§ What is required
Given the entries below, would you transcribe exactly the lines starting at the one with "NZXT Kraken X73" and ending at the one with "Maison Martin Margiela", both kept, pictures omitted, nothing extra?

[Opening Record set section]

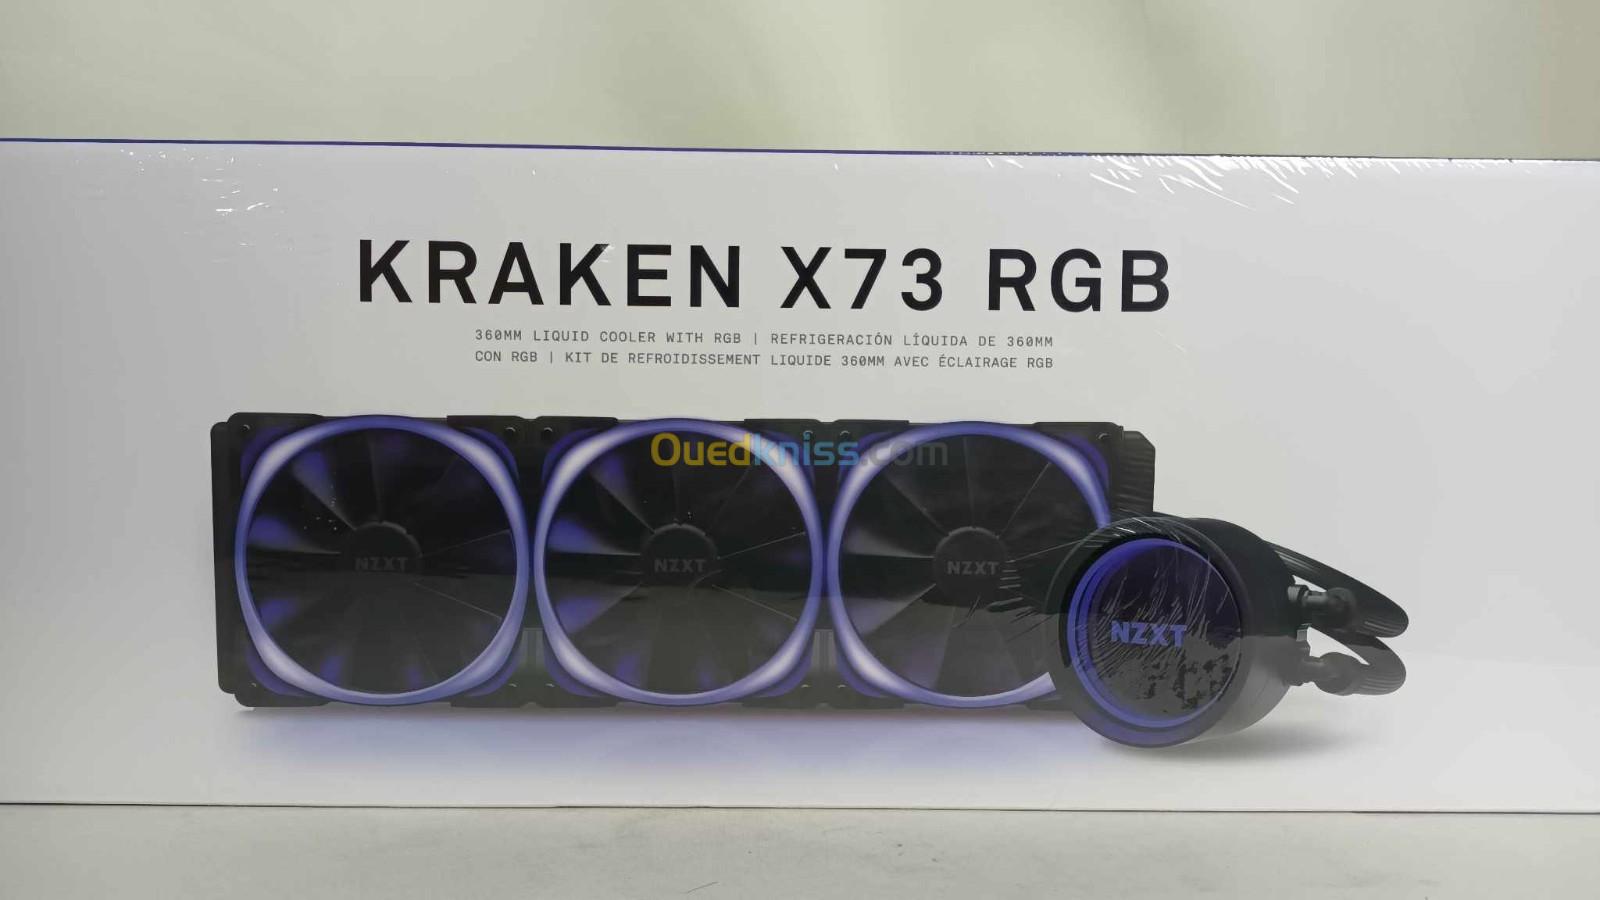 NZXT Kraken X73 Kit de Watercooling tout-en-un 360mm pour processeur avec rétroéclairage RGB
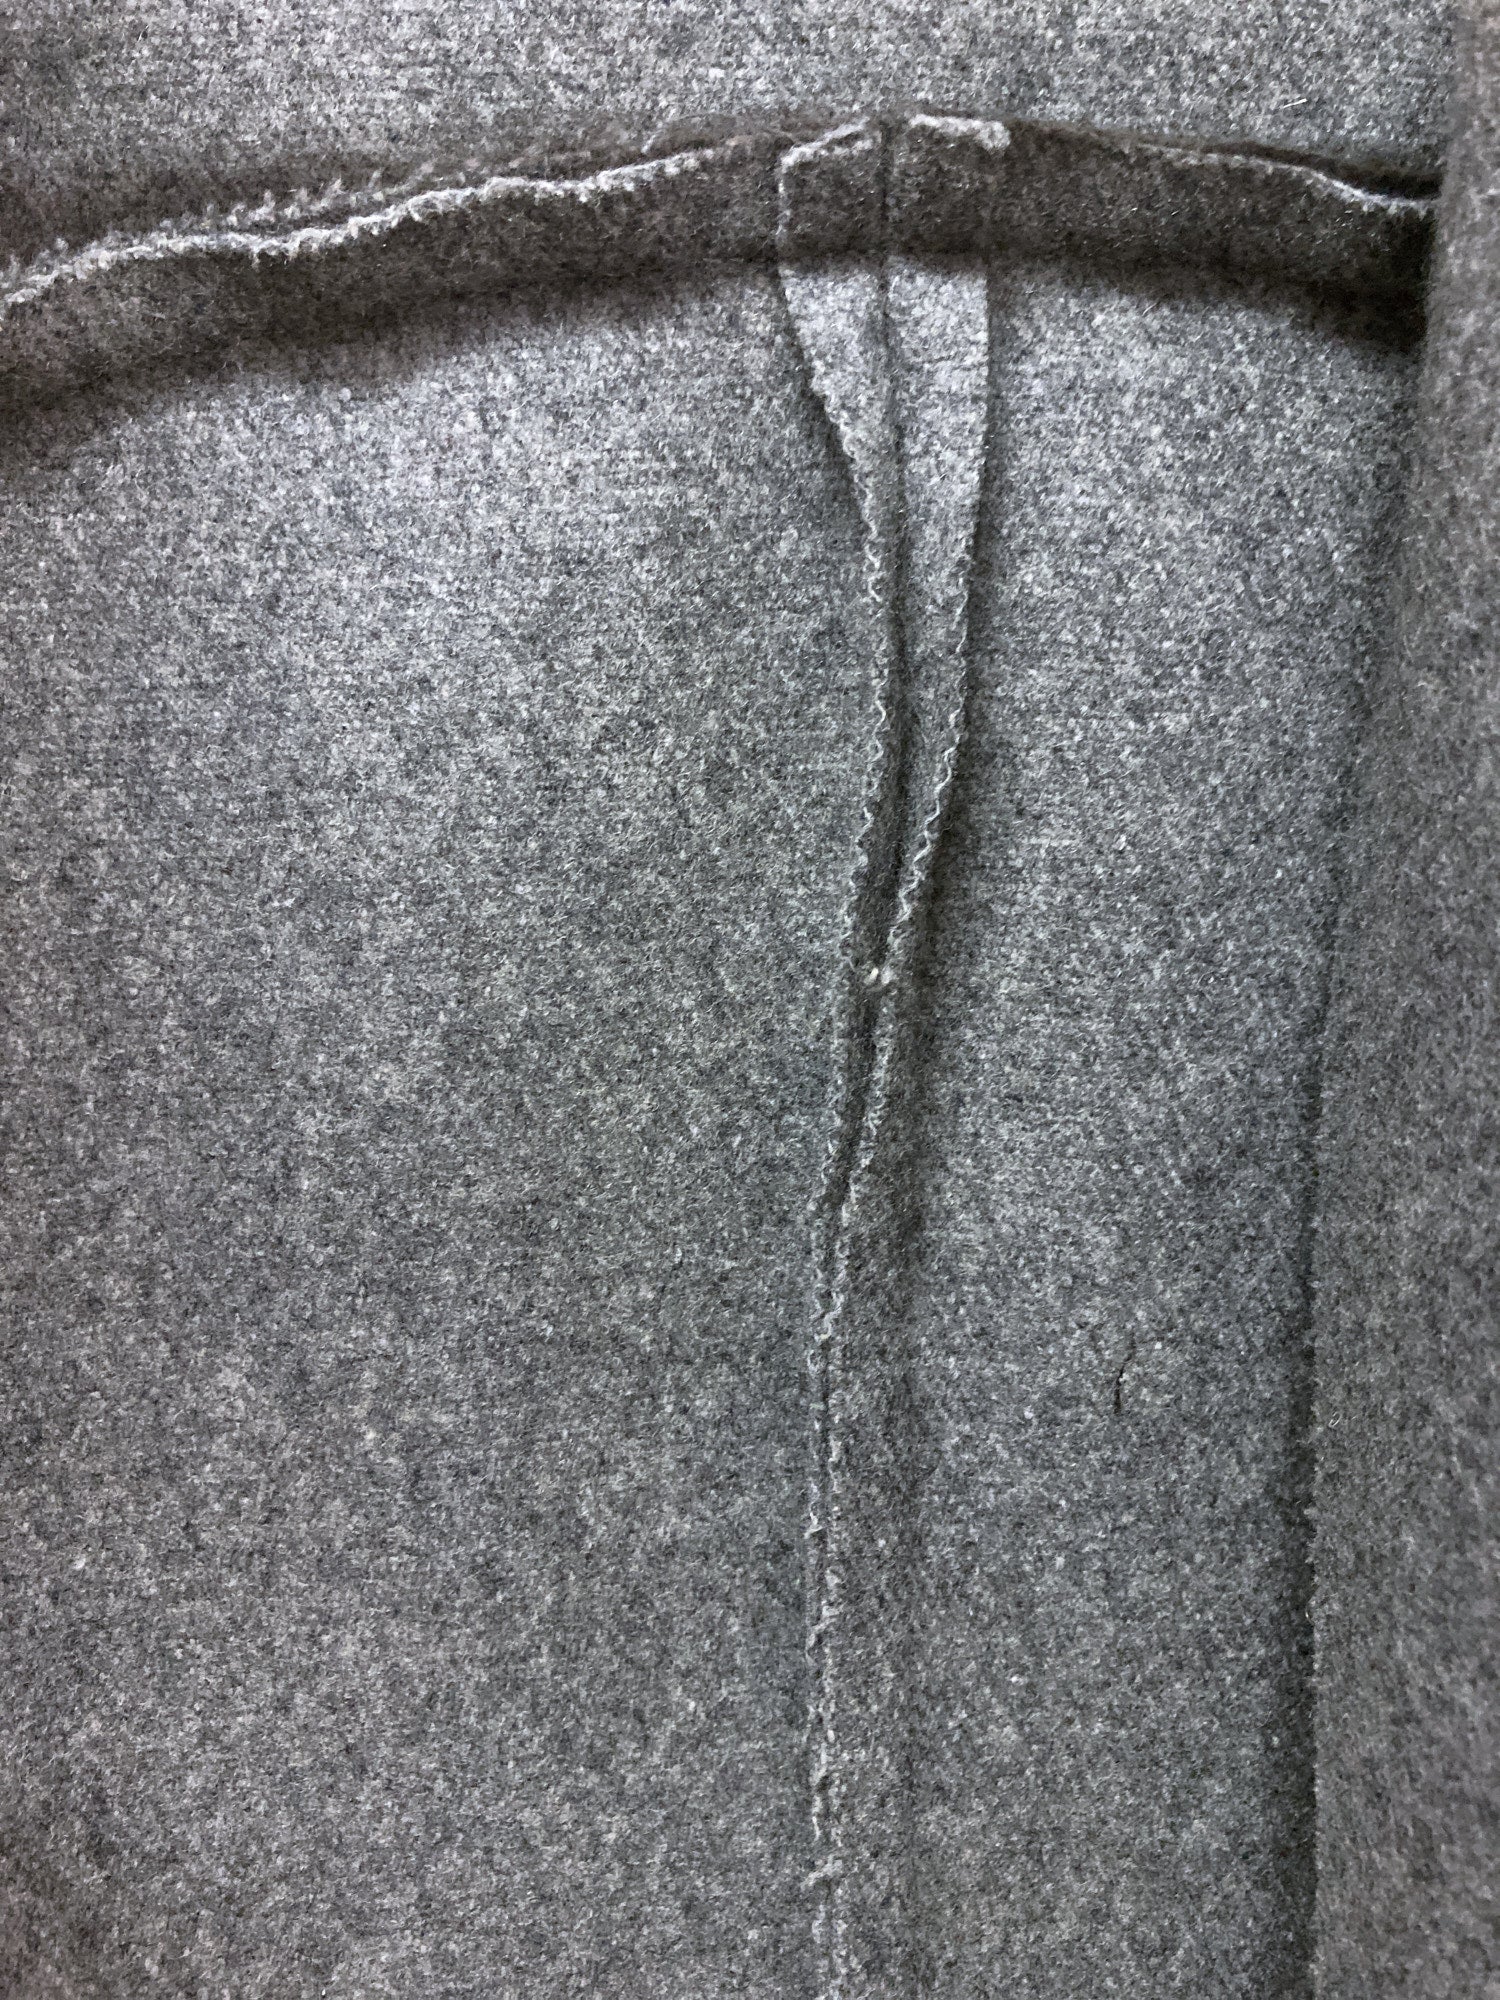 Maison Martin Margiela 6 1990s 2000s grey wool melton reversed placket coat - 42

[Closing Record set section]
[Opening Record set section]

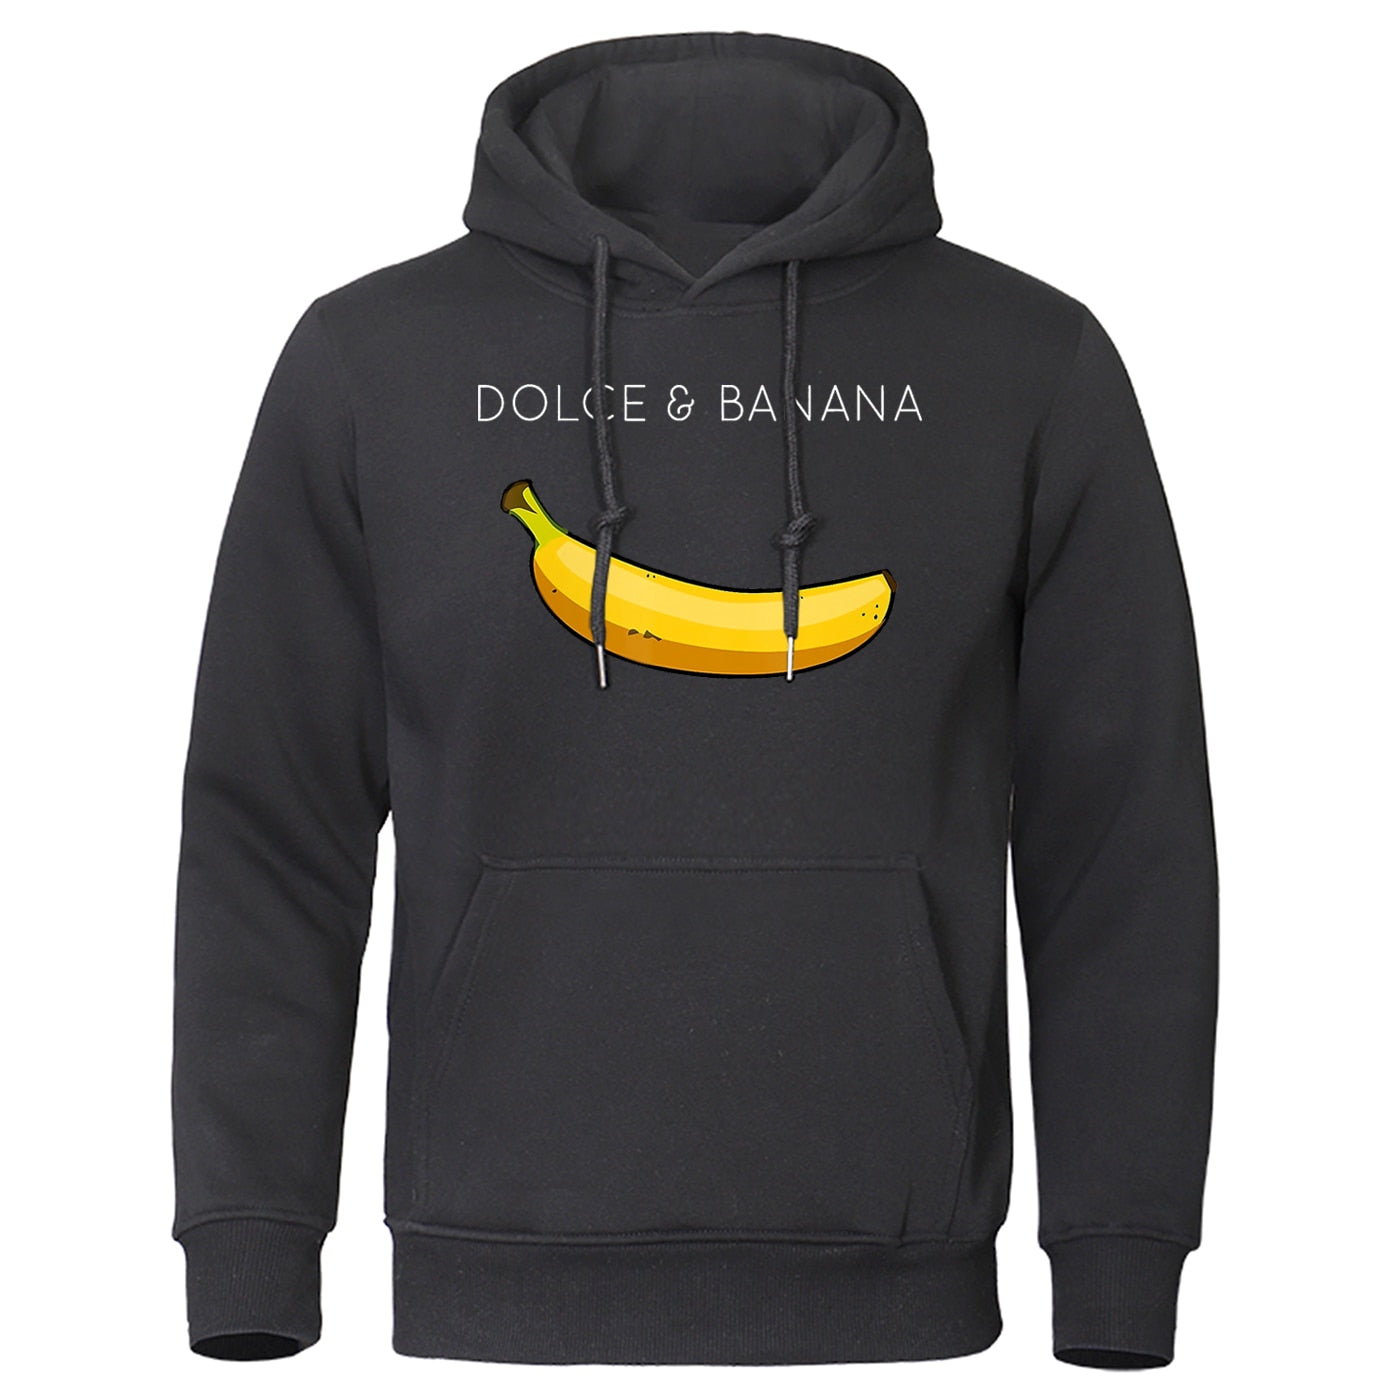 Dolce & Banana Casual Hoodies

[Closing Record set section]

§ Worked solution
 NZXT Kraken X73 Kit de Watercooling tout-en-un 360mm pour processeur avec rétroéclairage RGB
 Maison Martin Margiela 6 1990s 2000s grey wool melton reversed placket coat - 42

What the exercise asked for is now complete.